1 – According to Nils Petter Molvaer’s list that we glimpse in the DVD documentary (op. cit.), as well as the changes in music that signal scene changes. In my analysis, I make a more fine-grained division of the tableaux, resulting in 32 scenes. I also ignore the division into two acts, since it has no dramaturgical significance.
2 – According to the DVD chaptering, op. cit.
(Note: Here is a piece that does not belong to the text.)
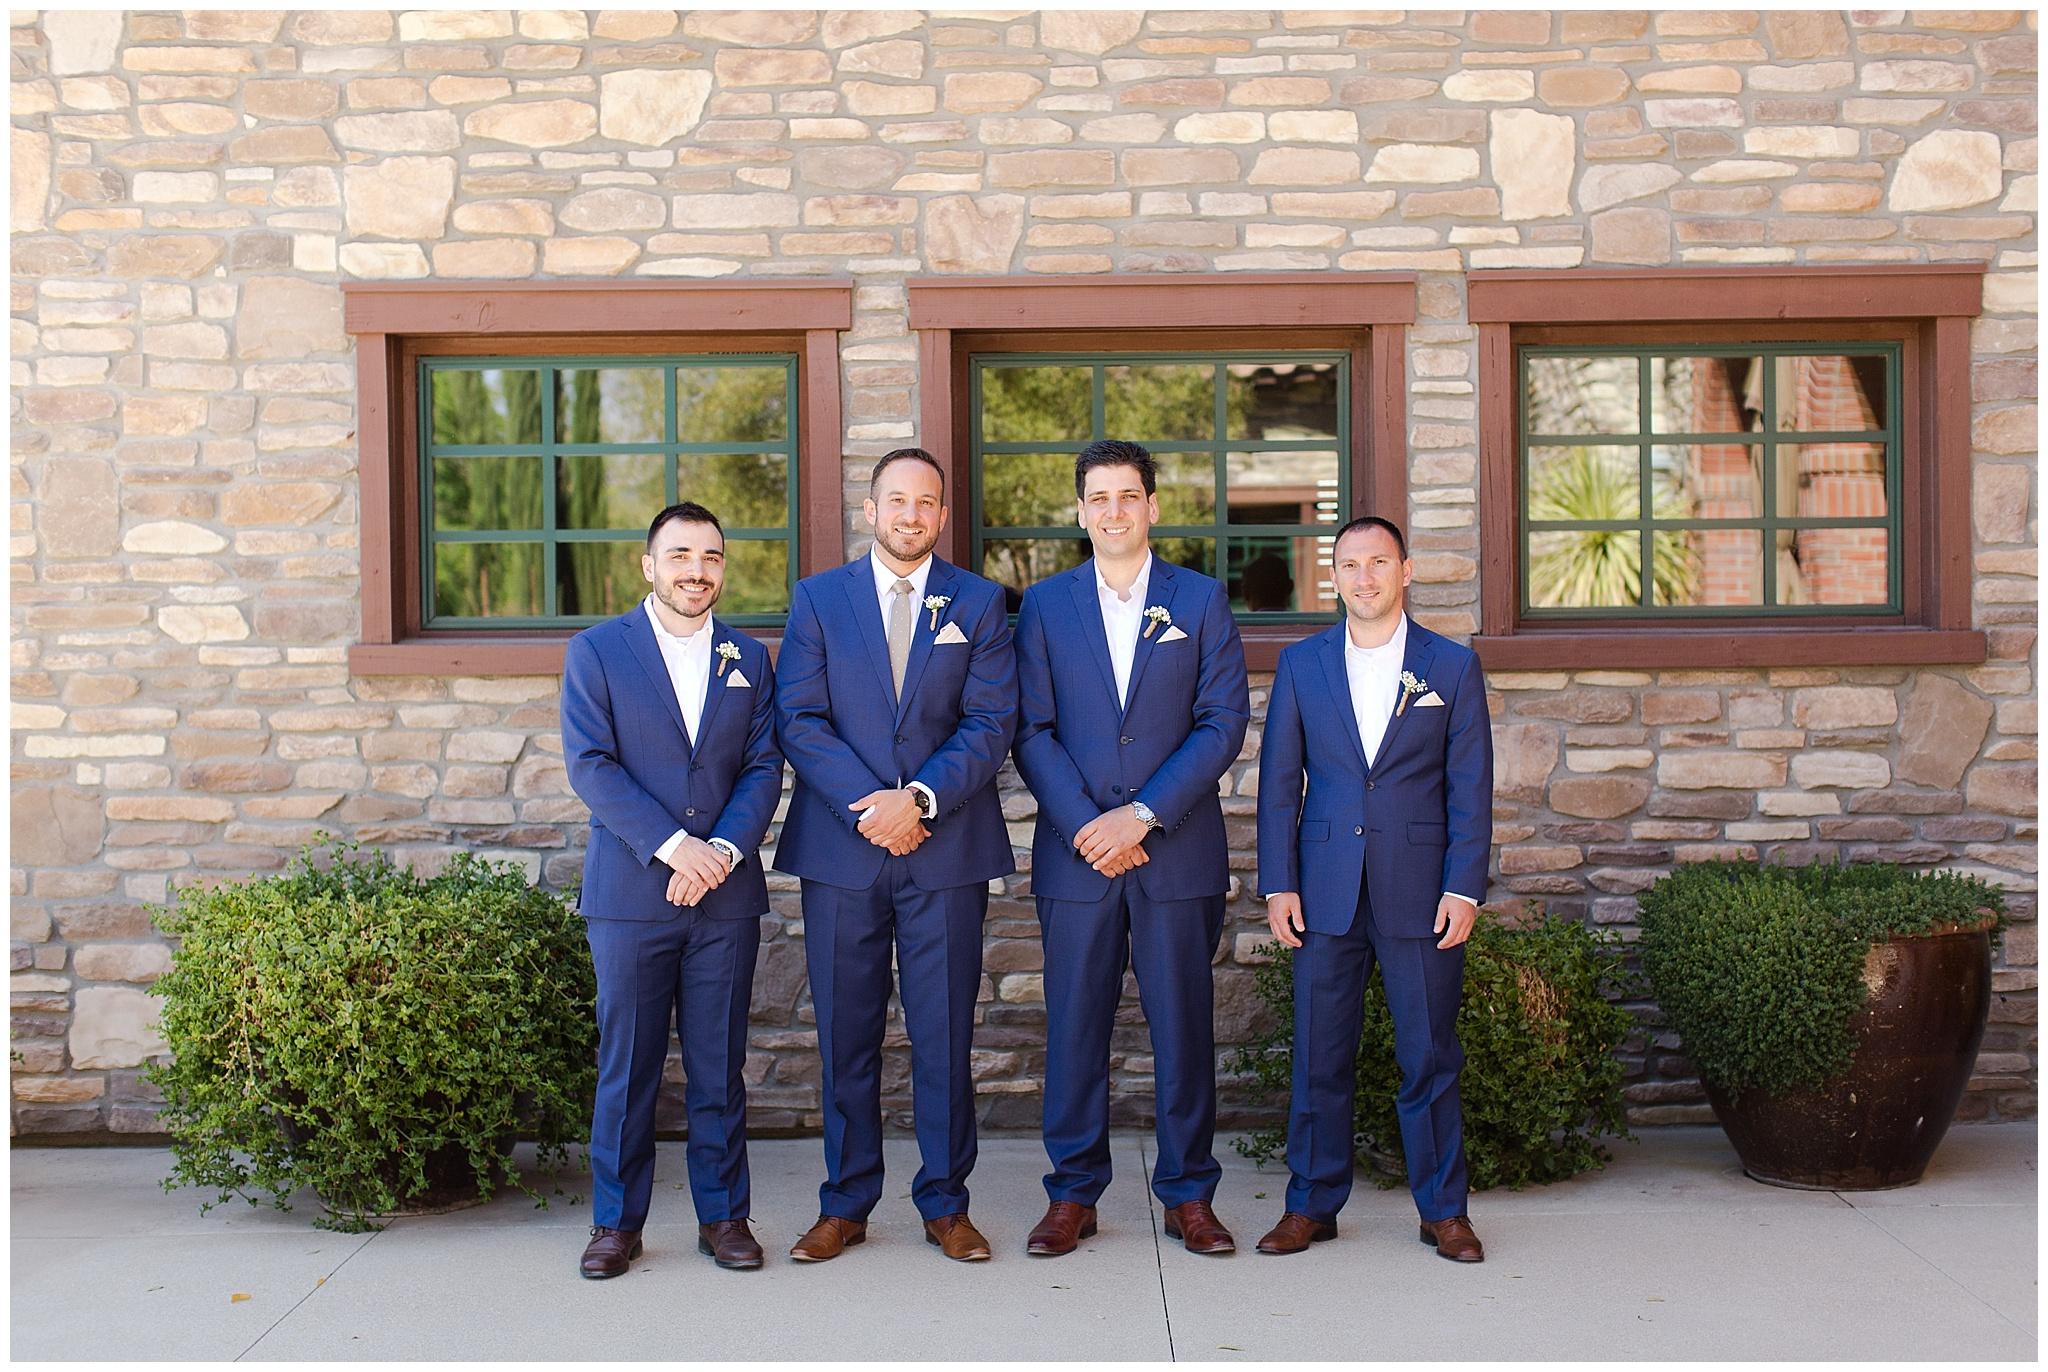 Vinny & Cayt Wedding 4-26-18-0965.jpg
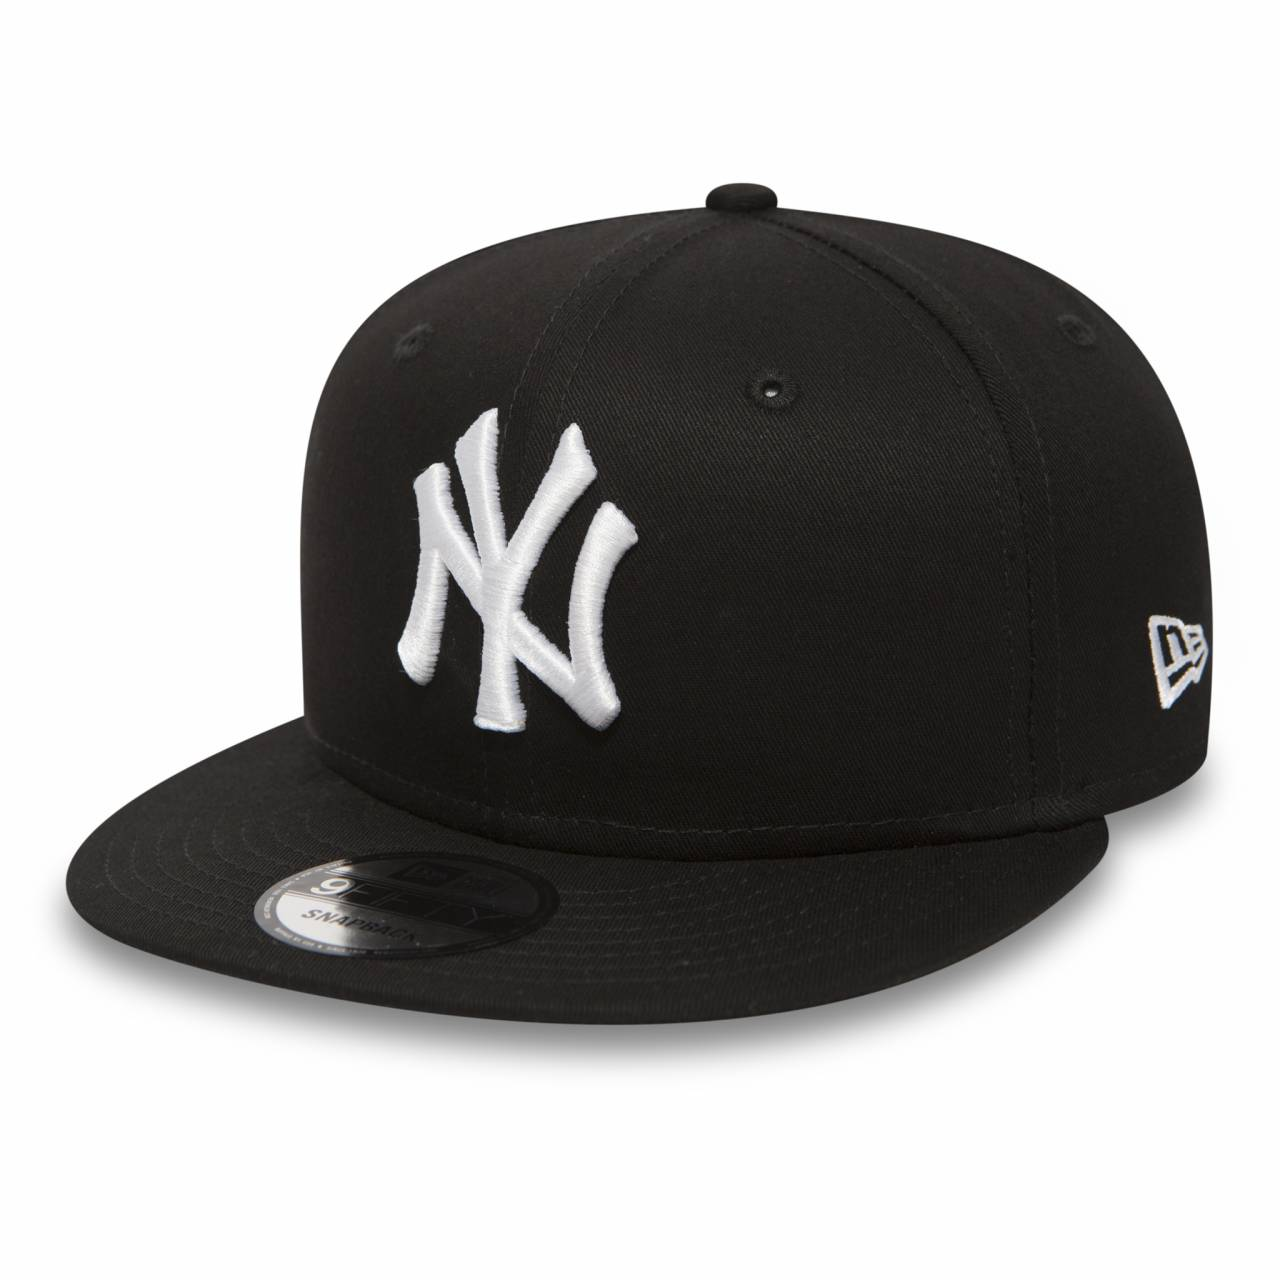 9FIFTY MLB NEW YORK YANKEES BLACK SNAPBACK11180833

Norwegian National Ballet, Hedda Gabler, Erle Østraat & Kristian Alm | Photo: Erik Berg

Little Hedda, all poise and cool, gives a lateral hip thrust, takes off her hat in an elegant arc of the arm, tosses it into the wings, then proceeds to perform a series of very simple acrobatic and balletic moves using the legs of the suspended soldiers/riders as props as she moves to meet her father at the other end of the stage. He opens the pistol case he’d brought with him and, as naturally as one man offering another a cigar, offers Hedda a pistol. She takes it, adopts a shooting stance and shoots. The music, which had been soft and spacious, becomes dense and percussive as the soldiers/riders drop onto the stage and step into formation as Hedda, now adult, enters from upstage. The dancers then perform a magnificent ensemble piece, choreographed by Kaloyan Boyadjiev, that radiates the jazzy drive of Bob Fosse and the balletic elegance of Jerome Robbins, with Hedda, distinguished by her white breeches and blonde hair, joining in and giving the eleven-member ensemble the symmetry of twelve.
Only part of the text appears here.